Chico’s melodramatic tone is one of his trademark characteristics and my personal favourite of his traits – yes, I am aware that for someone as prone to hedonism as myself, it is odd how strangely attracted to melancholic and downbeat songs I am. This tone is particularly evident in Geni e o Zepelim, which was released as part of Opera do Malandro, which Chico wrote in 1979. The song tells the story of a transvestite famously known for her kindness and provision of comfort to the oppressed, and for which she is universally despised. Long story short, one day a war zeppelin and his captain are set to destroy the city, disgusted by its decadence – a scenario only avoidable if Geni is willing to spend the night with the captain. Briefly regarded as the population’s only saviour, she decides to save the city and sleep with the captain, only to discover the next day that she is just as persecuted as she has always been.
The last song I want to share with you is from 1984 – unlike Apesar de Voce, considered the anthem of the anti-regime movement, Vai Passar, an uplifting song with a message that everything will change and good times are coming, became the “official” song of the introduction of democracy and republic to Brazil. The song is simultaneously a reminder of the sadness and suffering of the military dictatorship and a celebration of resistance and hope in the form of an explosion of unironic joy. It is the tale of how the regime tried to bring the country down, exiling and censoring its opponents, but how, in the end, it was democracy that won – all of this cunningly masked as a parade of allegorical cars down an avenue.

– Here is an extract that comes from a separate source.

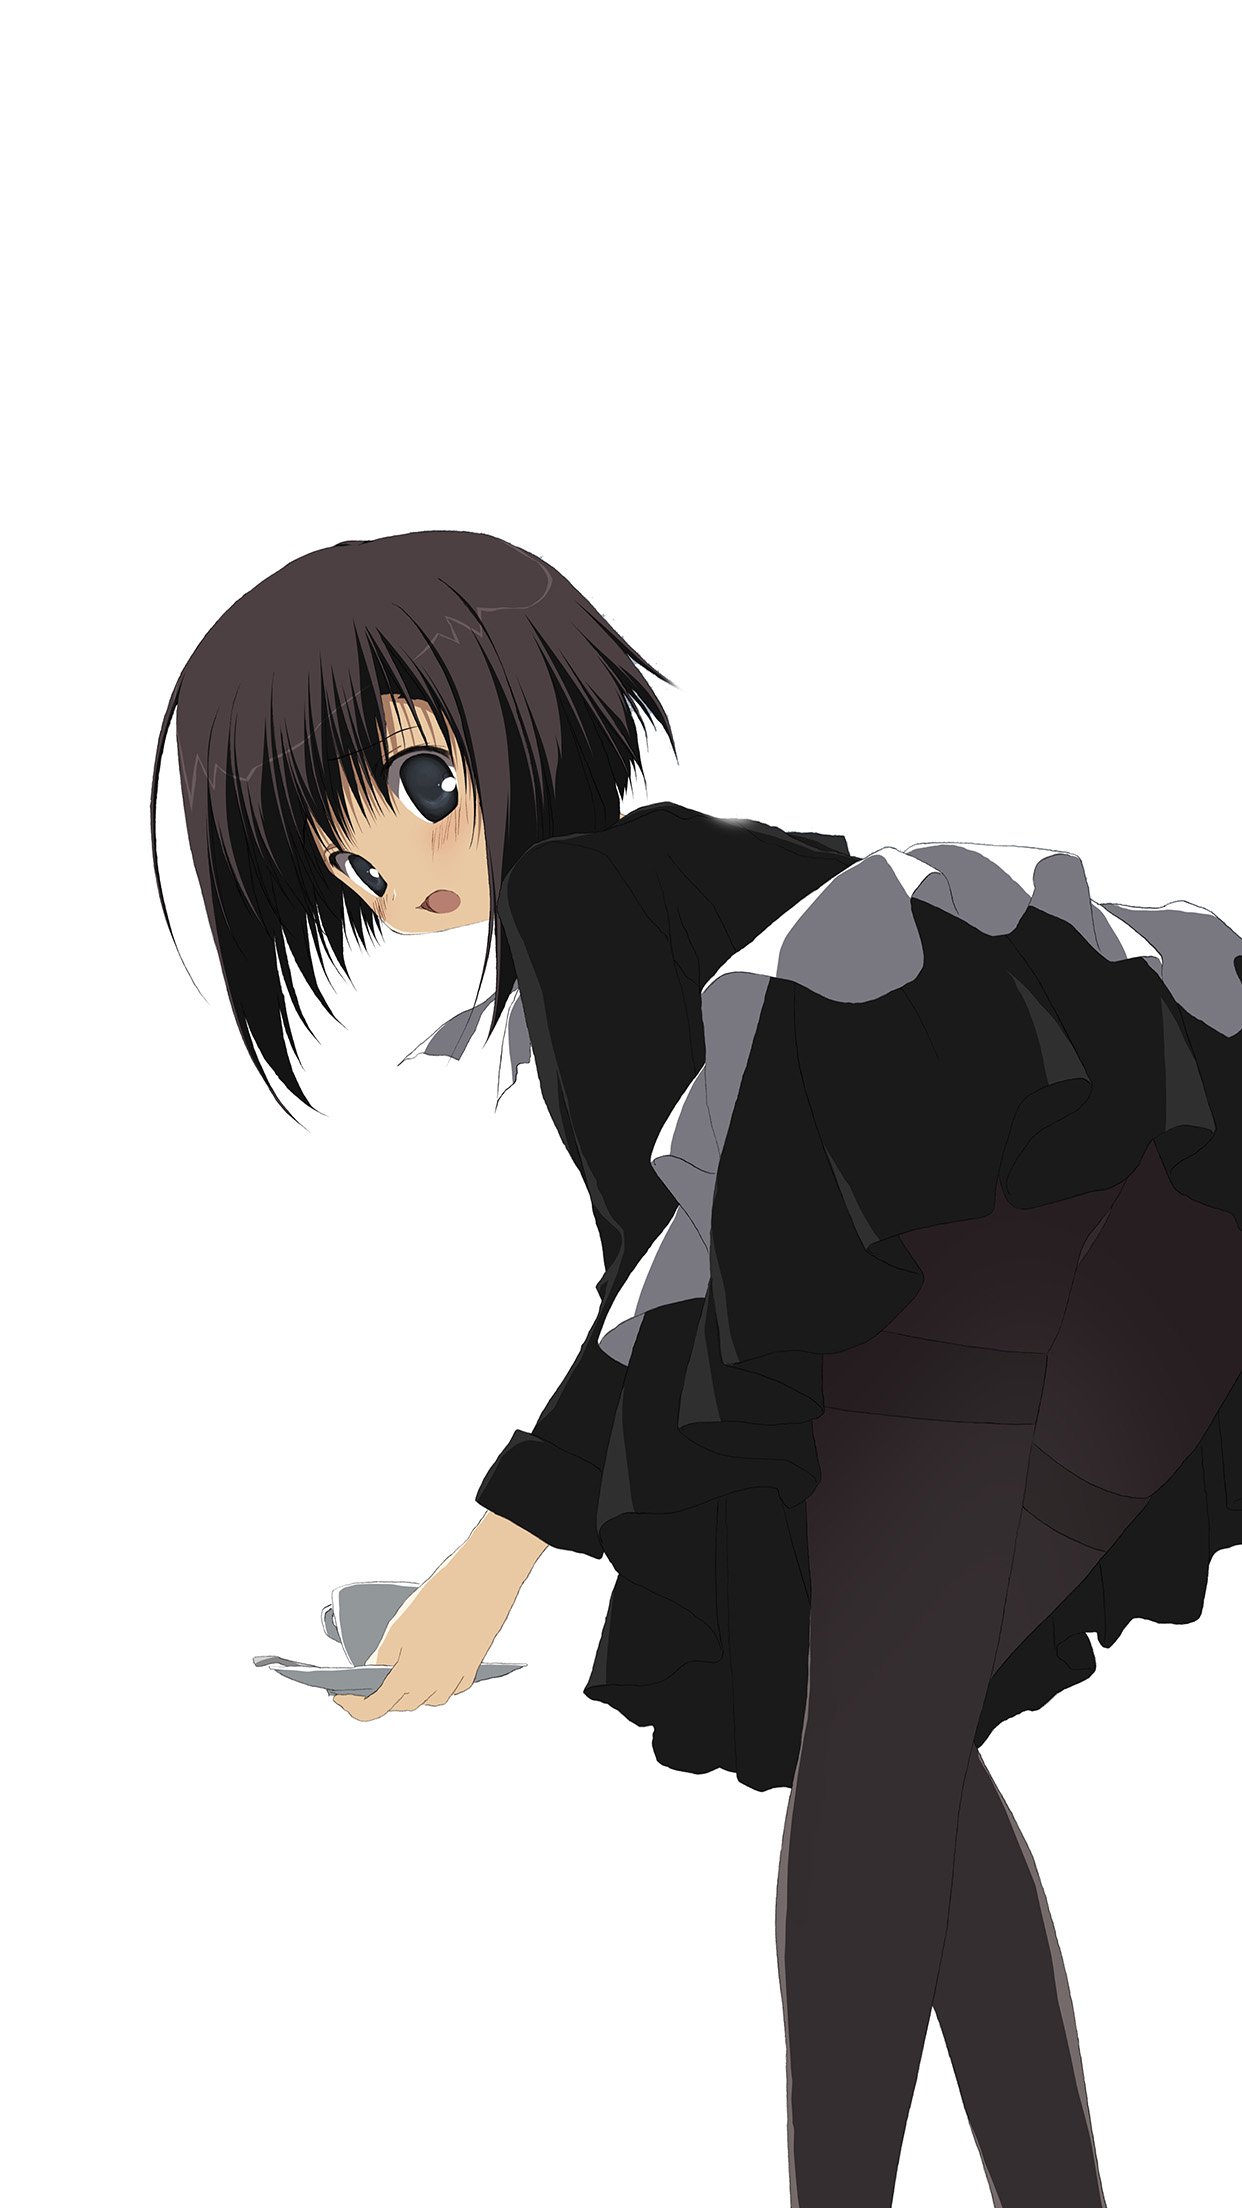 Girl Anime Black Dress Cute Illustration Art Android Wallpaper

So for you, meus caros amigos, here’s Chico Buarque – I hope you enjoy him as much as I do. Perhaps it is also worth leaving you with the factoid that he could potentially claim ultimate credit for the band name Radiohead, in case you are curious enough to dig a bit deeper into his biopic-worthy life. This piece, unfortunately, only scratches the surface of it – to this day he remains one of the most loved, yet controversial, artists in Brazilian music, serving as a reference point in remembering and understanding a particularly dark period in his country’s history. Isn’t that the mark of a true artist?